Hopefully this will give you a starting point to begin generating the sorts of matrices you want using vectorized operations.
If you have enough constraints, exploring all possible matrices could be attempted:
// Explore all possibilities starting at POSITION (0..P-1)
explore(int position)
{
// Check if one or more constraints can't be verified anymore with
// all values currently set.
invalid = ...;
if (invalid) return;
// Do we have a solution?
if (position >= p)
{
// print the matrix
return;
}
// Set one more value and continue exploring
for (int value=0;value<2;value++)
{ matrix[position] = value; explore(position+1); }
}
If the number of constraints is low, this approach will take too much time.

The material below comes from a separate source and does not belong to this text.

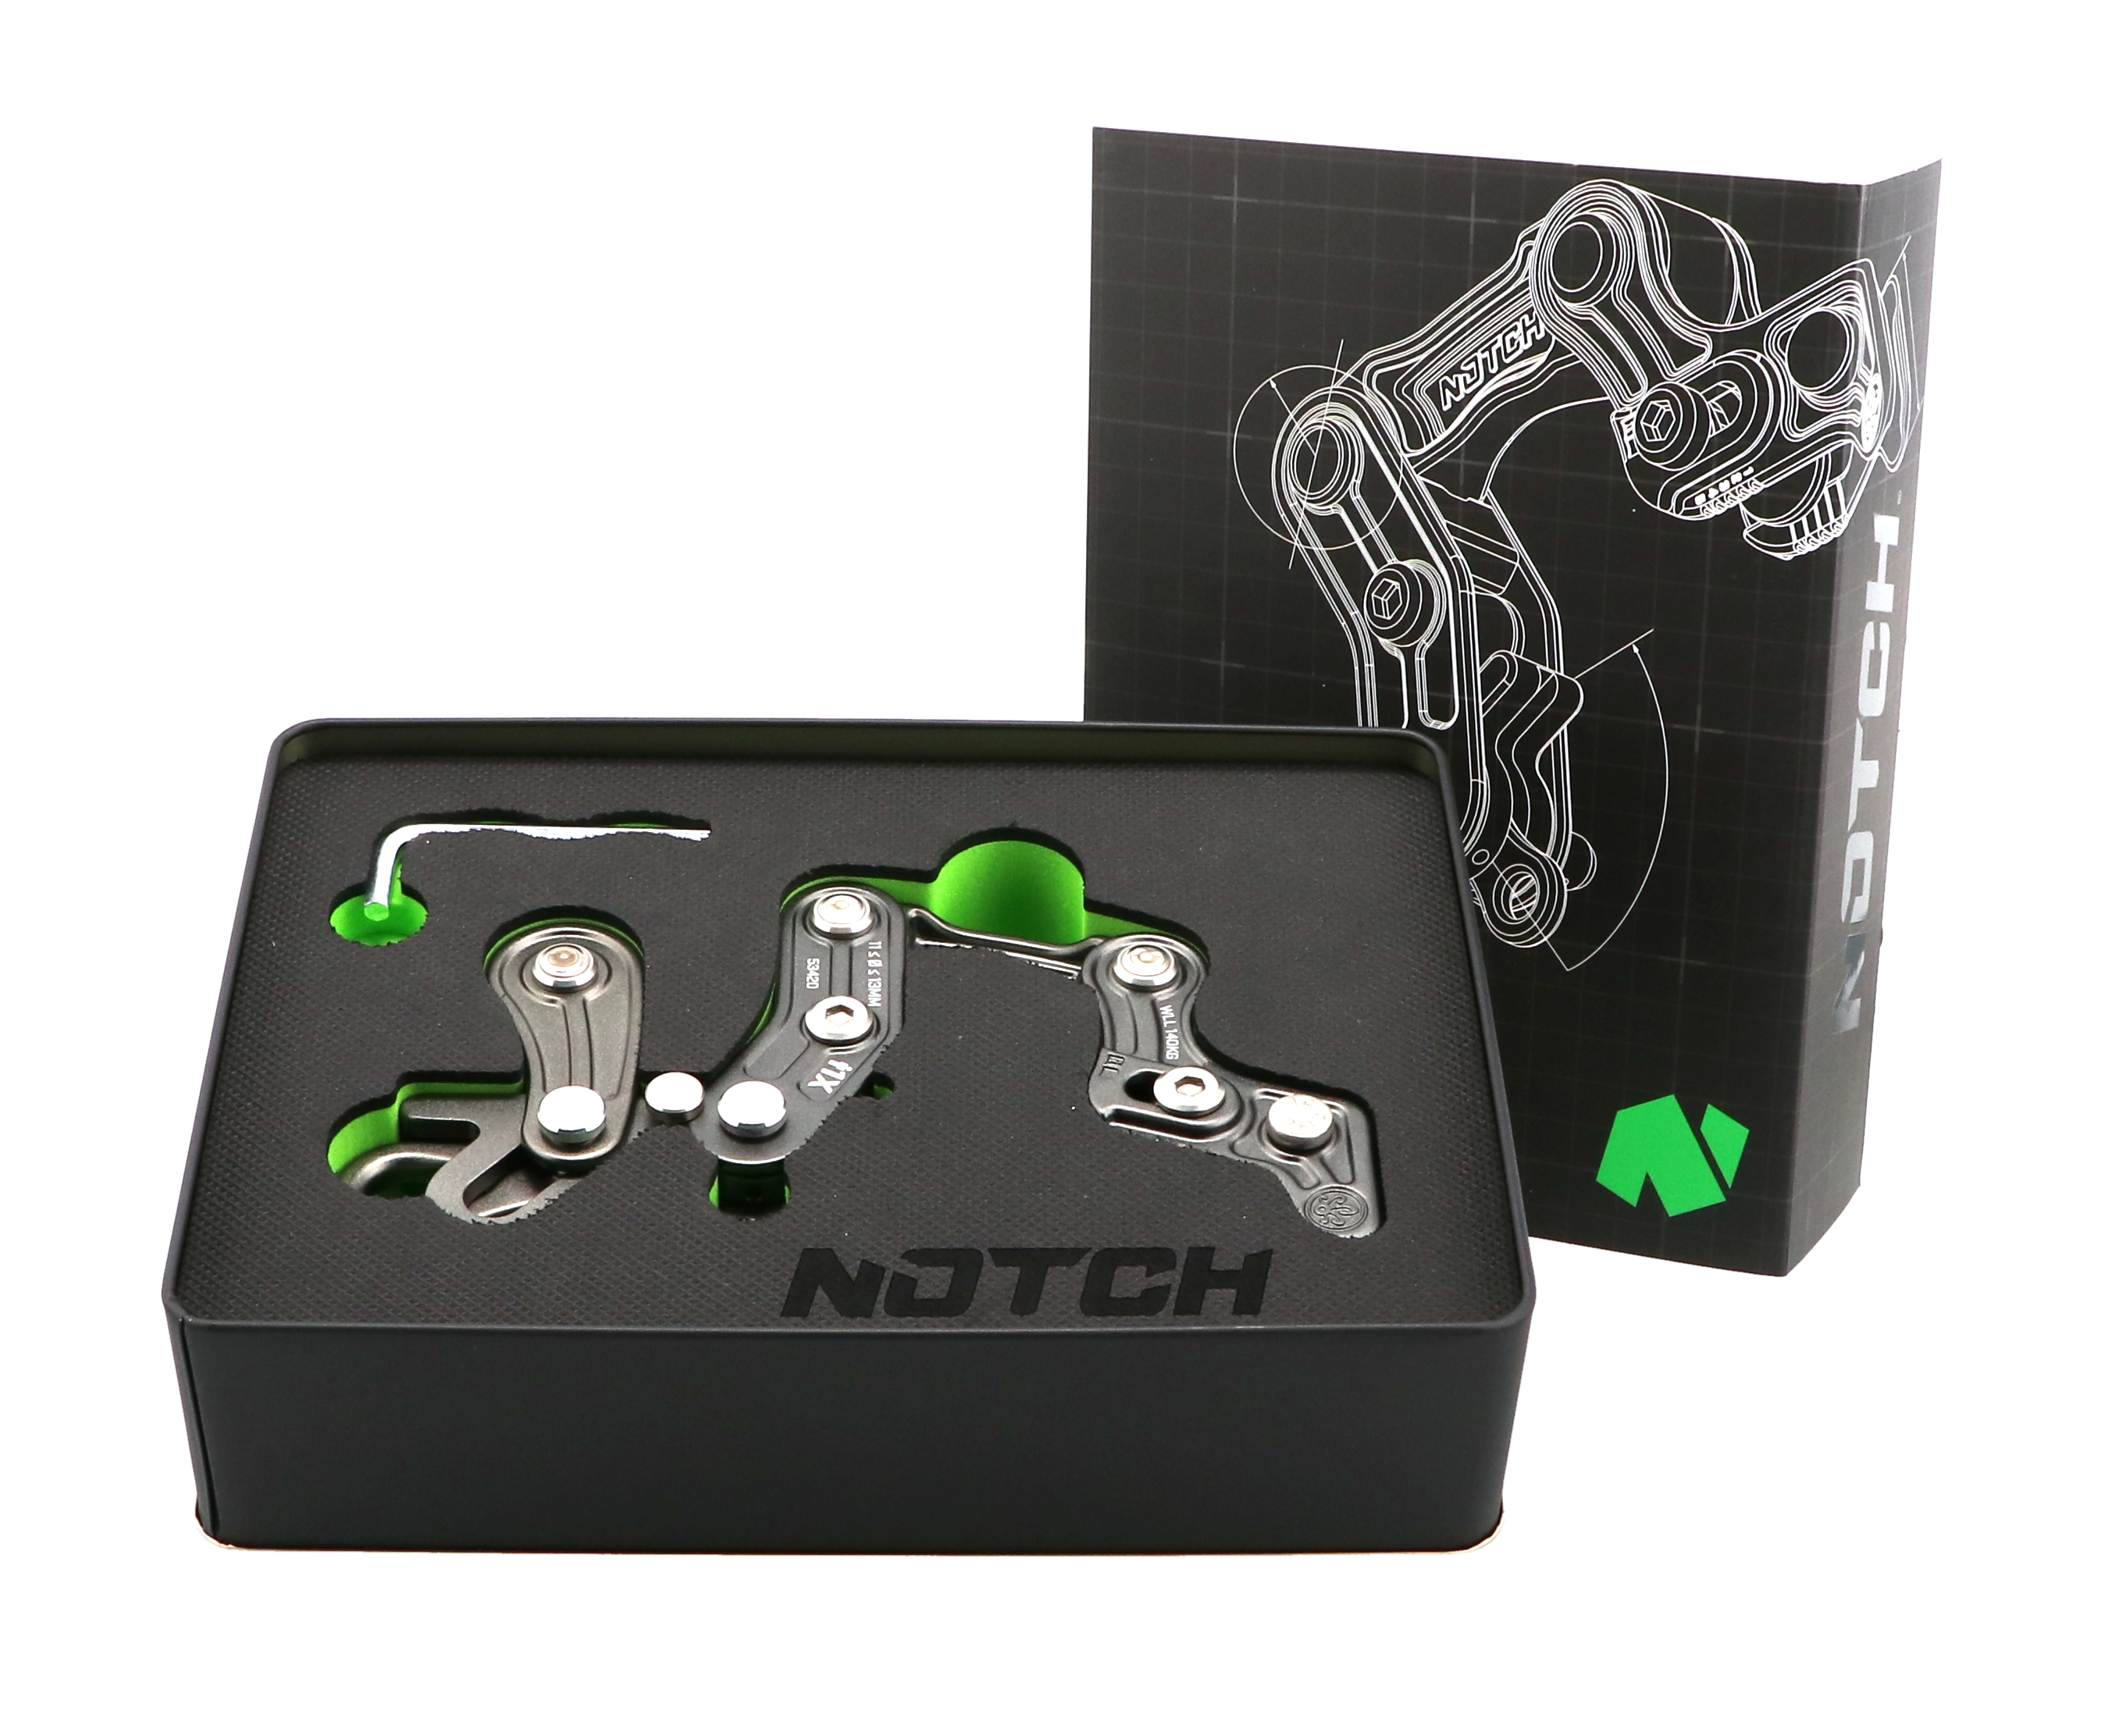 Notch Rope Runner Pro is here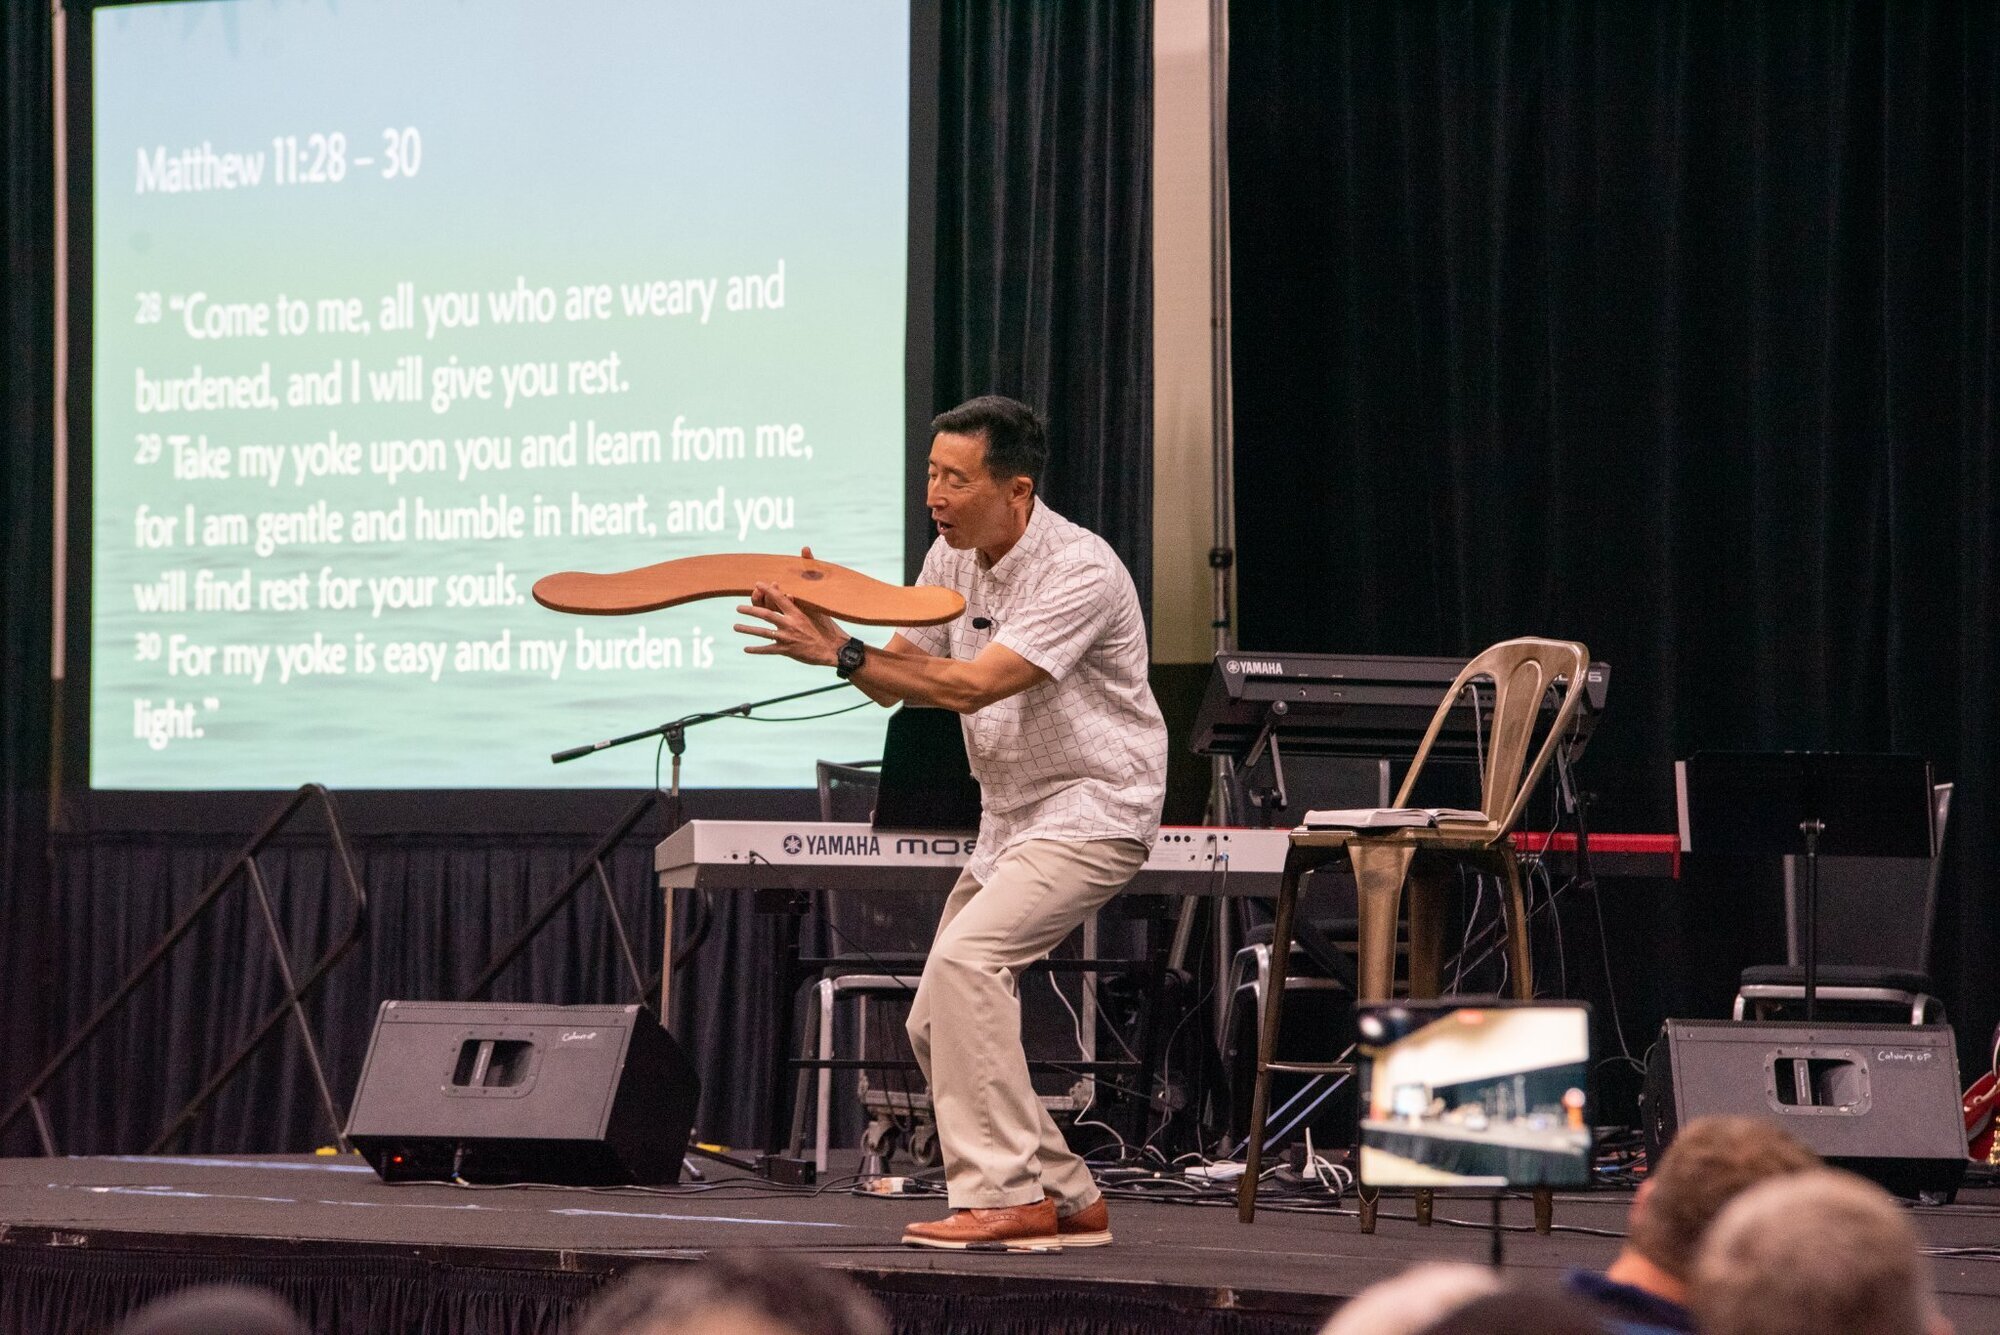 Image of an Asian man speaking on stage with a wooden object in his hands

In this case, for the kind of constraints you gave as examples, simulated annealing may be a good solution.
You must design an energy function, high when all constraints are met. That would be something like that:
Generate a random matrix
Compute energy E0
Change one cell
Compute energy E1
If E1>E0, or E0-E1 is smaller than f(temperature), keep it, otherwise reverse the move
Update temperature, and goto 2 unless stop criterion is reached
If all the contraints relate to columns (as is the case in the question), then you can find all possible valid columns and check that each column in the matrix is in this set. (i.e. when you consider each column independently, you reduce the number of possibilities a lot.)
I might be way off here, but I remember doing something similar once with some genetic algorithm.
Check out pseudo boolean constraints (also called 0-1 integer programming).
This is virtually impossible if your constraint set is complex enough. You might try to use a stochastic optimizer, like simulated annealing, particle swarm optimization, or a genetic algorithm to find a feasible solution.
However, if you can generate one (non-random) solution to such a problem, then often you can generate others by random permutations made to the existing solution.